Política - -
Consórcio com participação da família de ministro do TCU vence licitação de R$ 1 bilhão no Porto de Santos
Termômetro da Política
Compartilhe:

Um consórcio que inclui a esposa, o cunhado e o sogro do ministro Bruno Dantas, do Tribunal de Contas da União (TCU), foi declarado vencedor de um edital para operar um pátio de caminhões no Porto de Santos. O contrato tem valor estimado em R$ 1 bilhão e envolve um terreno de 242 mil m², com capacidade para até 530 vagas de veículos.

Ministro Bruno Dantas, do Tribunal de Contas da União
Ministro Bruno Dantas, do Tribunal de Contas da União (Foto: Foto: Charles Damasceno/CNJ)

A licitação foi disputada por apenas uma empresa, após a concorrente ter sido inabilitada antes do leilão. O certame está suspenso na Justiça desde 16 de junho, sob alegação de que teria sido estruturado de forma a restringir a competição.

O Consórcio Portolog, vencedor do processo, é administrado por João Pedro Camargo, cunhado de Dantas. A Oitenta & Nove Ponto Um Administração e Participações, que integra o grupo, tem como sócios a esposa do ministro, Camila Funaro Camargo Dantas, e o sogro dele, o empresário João Carlos Camargo.

A Autoridade Portuária de Santos (APS) defendeu o modelo da licitação na Justiça com base em um acórdão do TCU redigido pelo próprio ministro Dantas. Esse documento havia estabelecido regras mais restritivas de concorrência para outro leilão portuário, o do Tecon Santos 10.

Favorite o Termômetro da Política no Google e acompanhe as notícias mais importantes para o seu dia

Procurada, a Autoridade Portuária de Santos afirmou que o vínculo familiar é “irrelevante para a condução do certame”. A assessoria do TCU informou que “não comenta disputas comerciais” e que o julgamento do processo ocorreu em sessão pública.

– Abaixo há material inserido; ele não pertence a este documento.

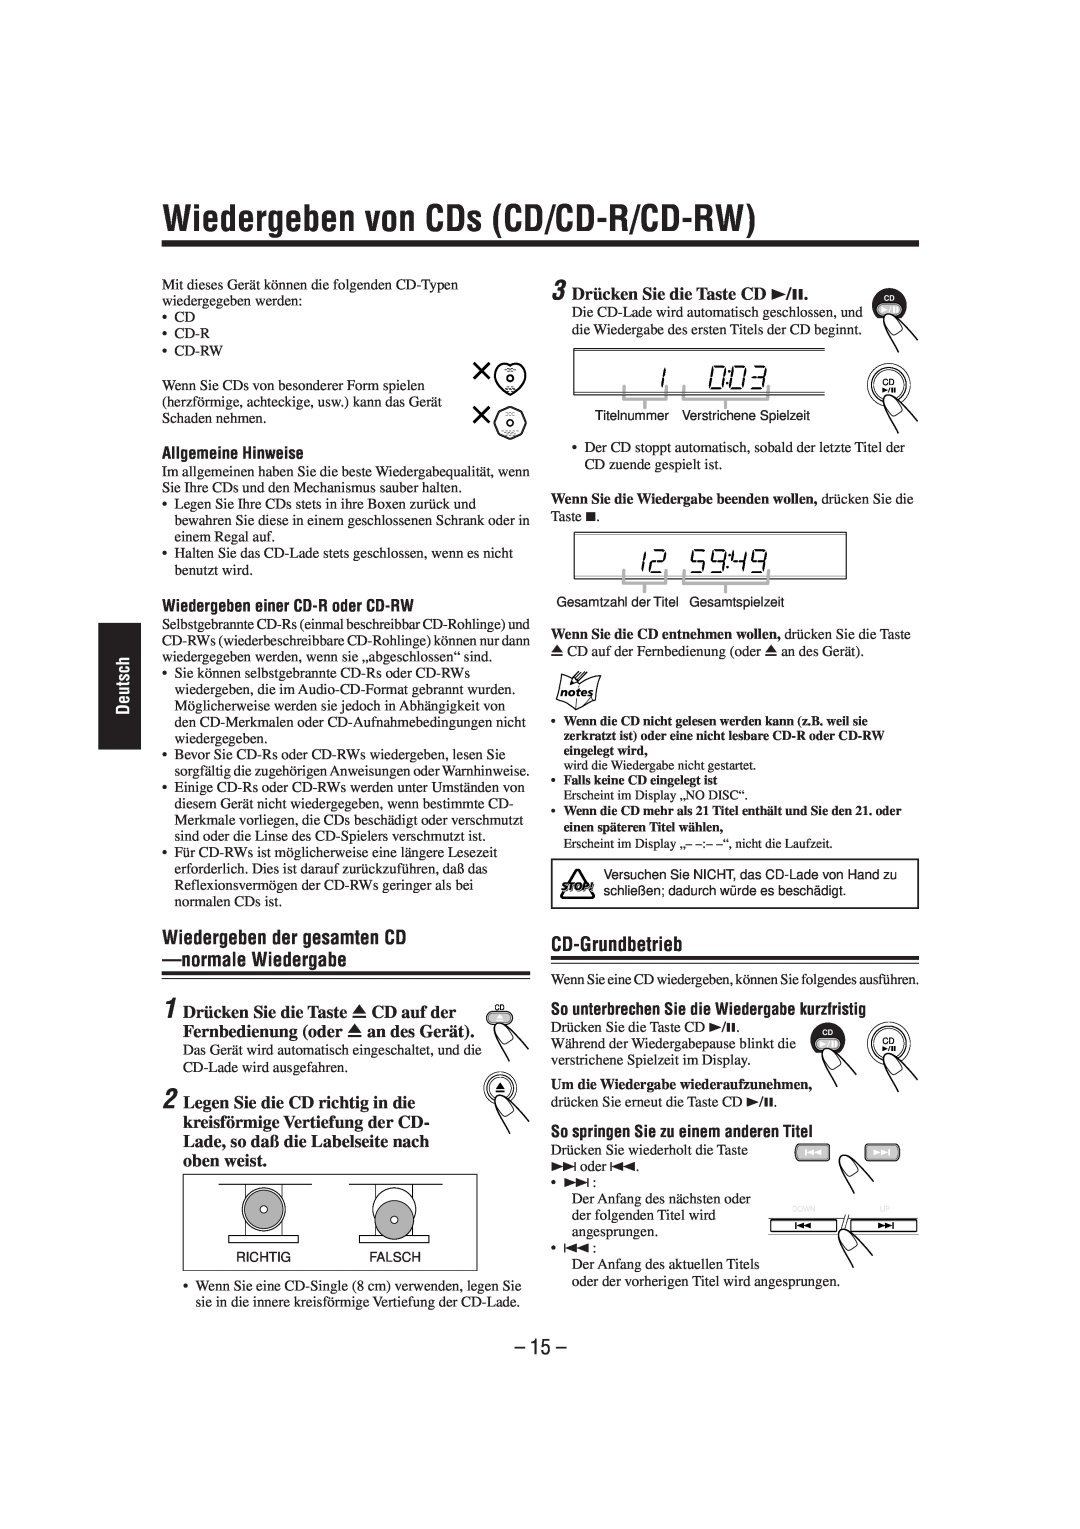 JVC SP-UXL30 manual Wiedergeben von CDs CD/CD-R/CD-RW, Wiedergeben der gesamten CD -normaleWiedergabe, CD-Grundbetrieb, 15 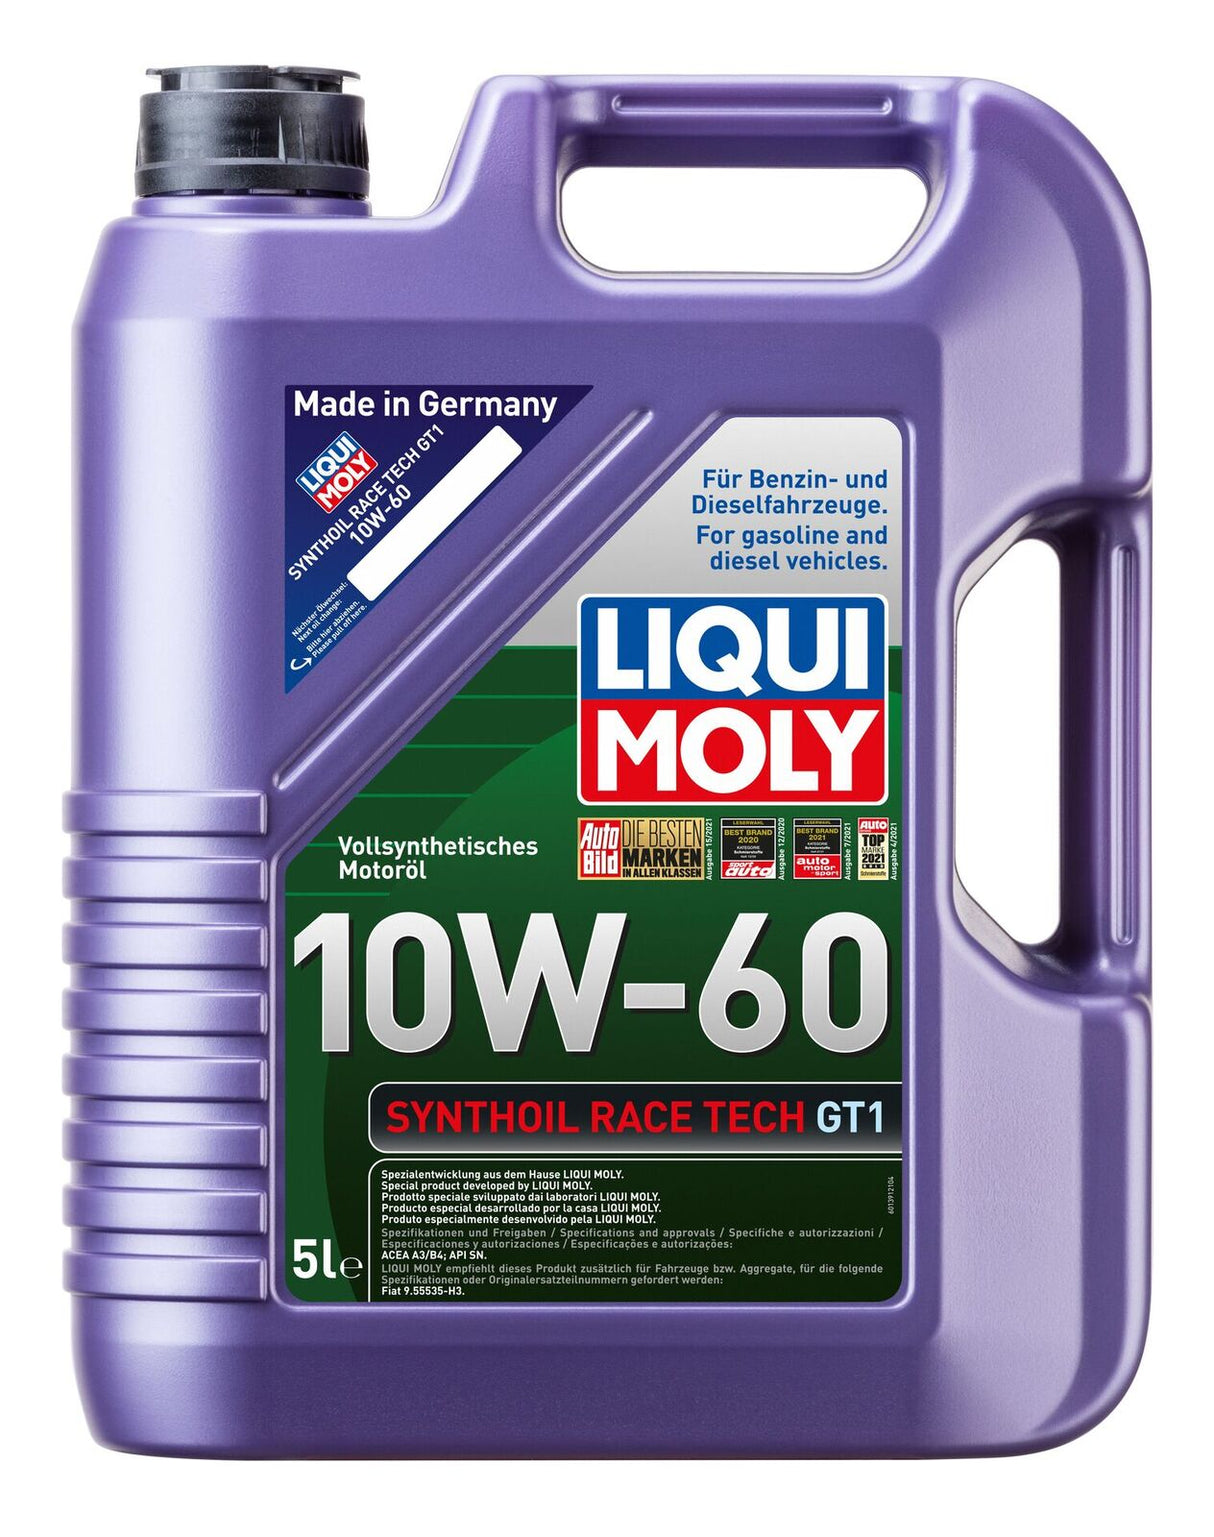 LIQUI MOLY 5W-30 Top Tec 4600 5L, Car Accessories, Car Workshops

A Oitenta & Nove Ponto Um Administração e Participações declarou que “possui ampla experiência comprovada e reconhecida atuação nos setores de infraestrutura e logística, conforme exigido pelo edital 01/2025”. A empresa informou ainda que atuou na construção de dois centros logísticos em São Paulo e está construindo mais dois, todos de iniciativa privada e sem licitação.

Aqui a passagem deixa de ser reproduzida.